10.1530/rep-15-0274 ◽

2016 ◽

Vol 151 (1) ◽

pp. 29-37 ◽

Cited By ~ 24

Author(s):

Damián O Muzzio ◽

Katharina B Ziegler ◽

Jens Ehrhardt ◽

Marek Zygmunt ◽

Federico Jensen

Keyword(s):

B Cells ◽

B Cell ◽

Marginal Zone ◽

Well Being ◽

Eutherian Mammal ◽

Cell Phenotype ◽

Protective Mechanisms ◽

Marginal Zone B Cells ◽

Immunological Mechanisms ◽

Protective Antibodies

The success of eutherian mammal evolution was certainly supported by the ability of the already existing immune system to adapt to the presence of the semi-allogeneic fetus without losing the capability to defend the mother against infections. This required the acquisition of highly regulated and coordinated immunological mechanisms. Failures in the development of these strategies not only lead to the interruption of pregnancy but also compromise maternal health. Alongside changes on the cytokine profile – expansion of tolerogenic dendritic and regulatory T cells – a profound adaptation of the B cell compartment during pregnancy was recently described.
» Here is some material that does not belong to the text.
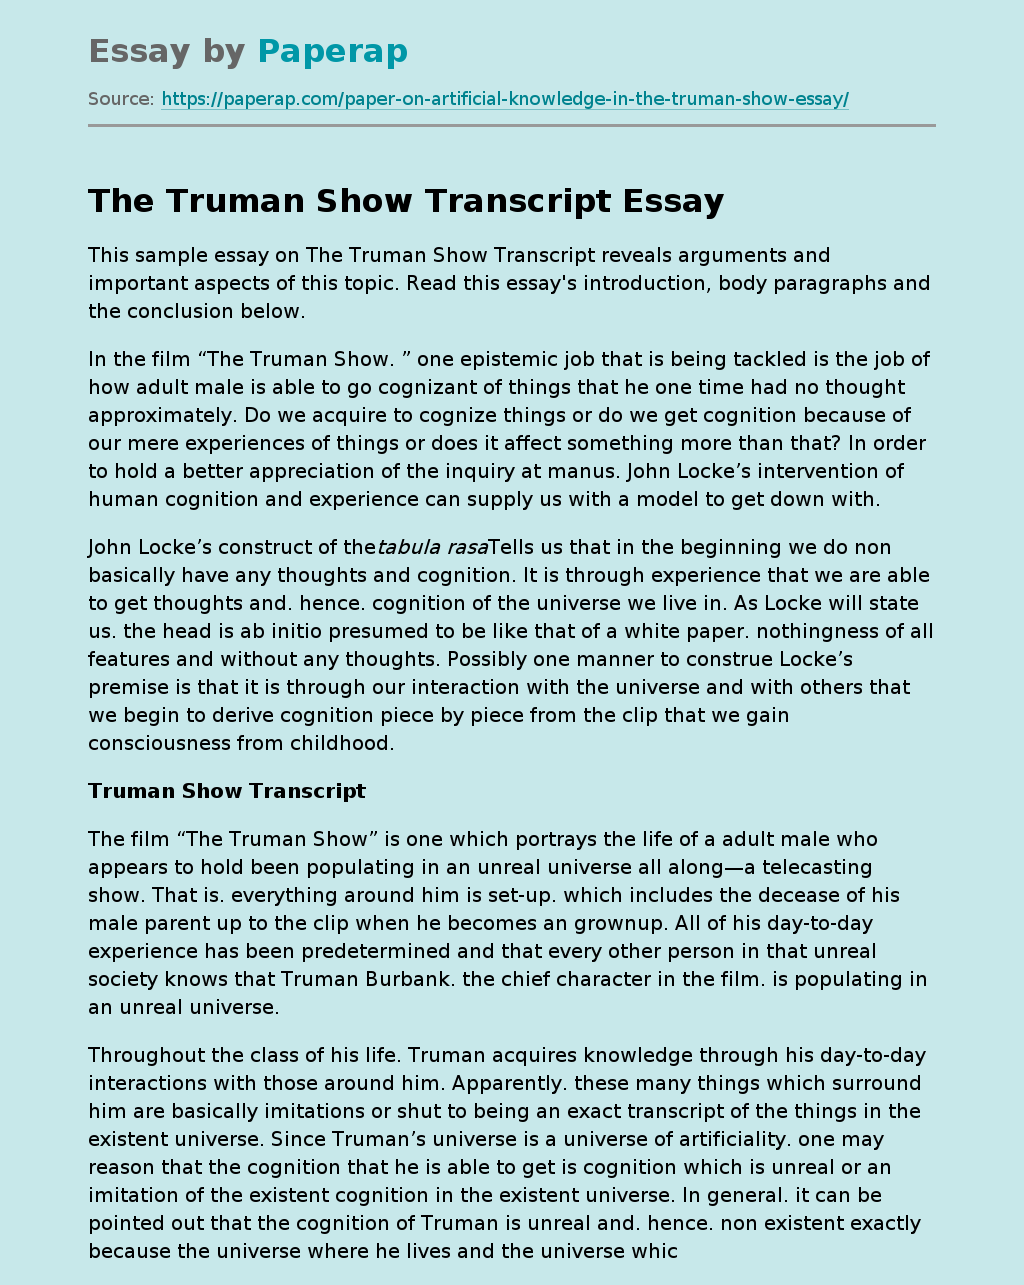 The Truman Show Transcript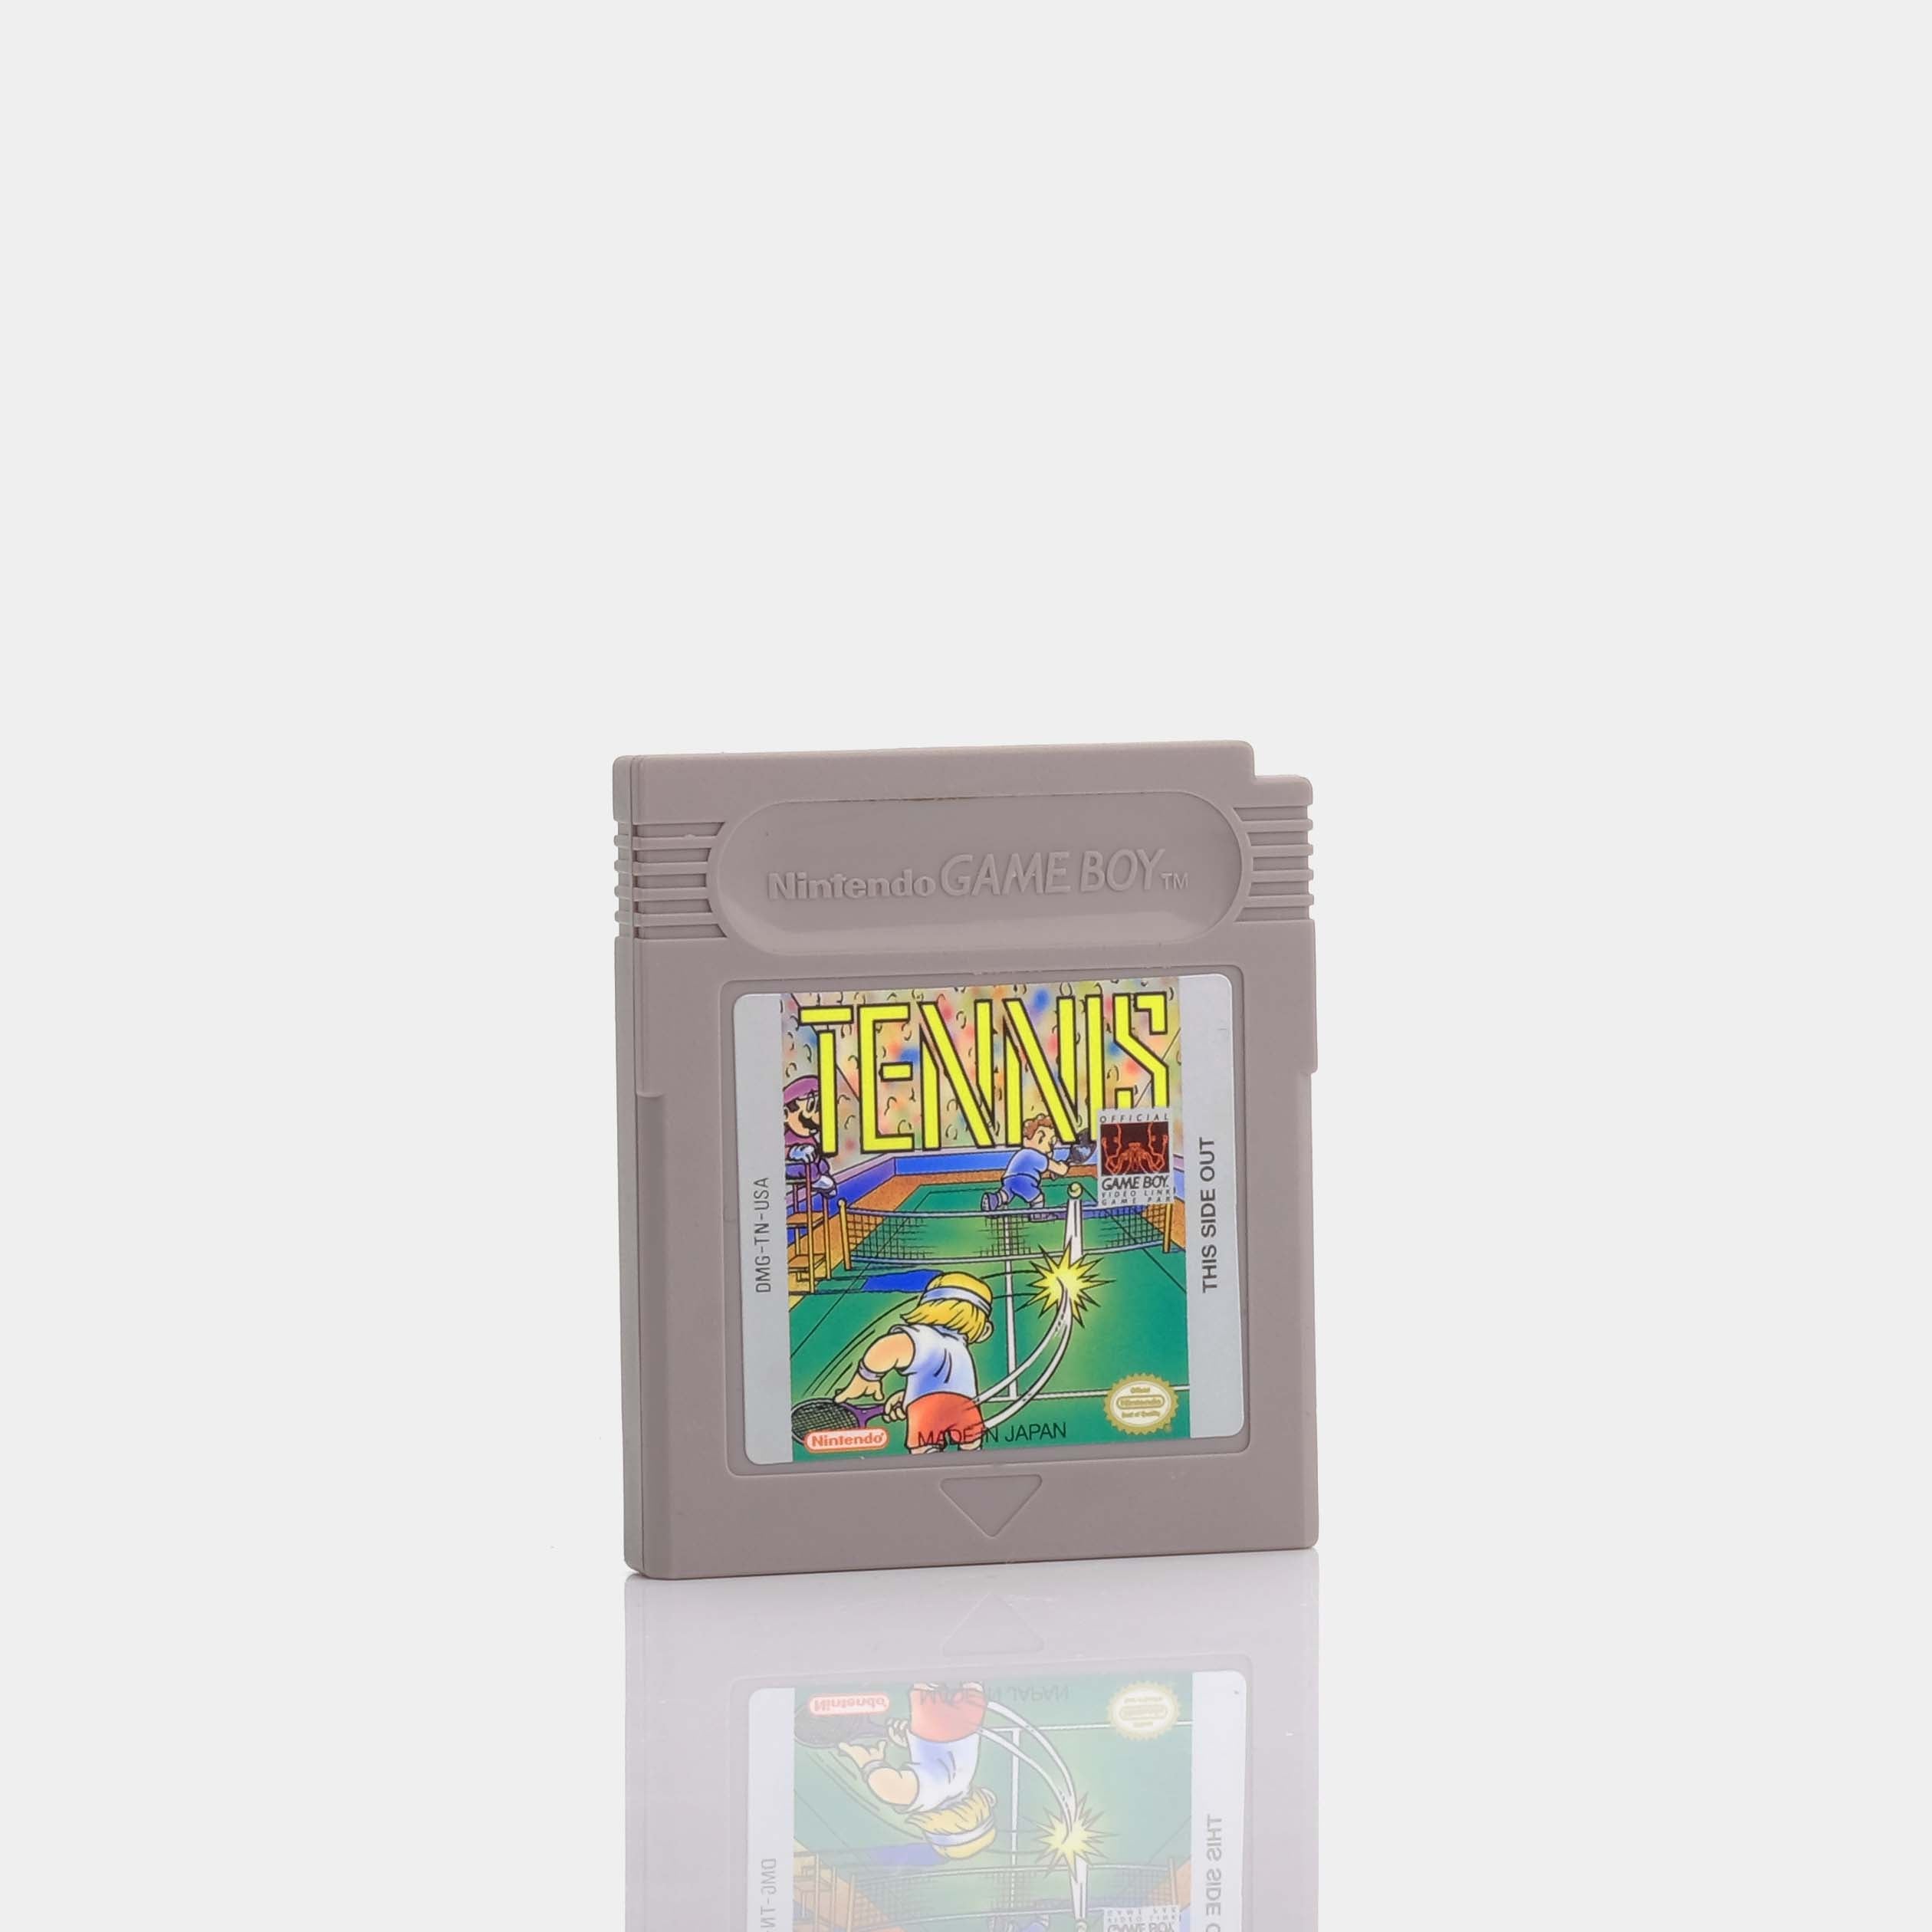 Tennis (1989) Game Boy Game

Among others, the suppression of B cell lymphopoiesis and B cell lymphopenia were proposed to be protective mechanisms tending to reduce the occurrence of autoreactive B cells that might recognize fetal structures and put pregnancy on risk. On the other hand, expansion of the pre-activated marginal zone (MZ) B cell phenotype was described as a compensatory strategy launched to overcome B cell lymphopenia thus ensuring a proper defense. In this work, using an animal model of pregnancy disturbances, we demonstrated that the suppression of B cell lymphopoiesis as well as splenic B cell lymphopenia occur independently of pregnancy outcome. However, only animals undergoing normal pregnancies, but not those suffering from pregnancy disturbances, could induce an expansion and activation of the MZ B cells. Hence, our results clearly show that MZ B cells, probably due to the production of natural protective antibodies, participate in the fine balance of immune activation required for pregnancy well-being.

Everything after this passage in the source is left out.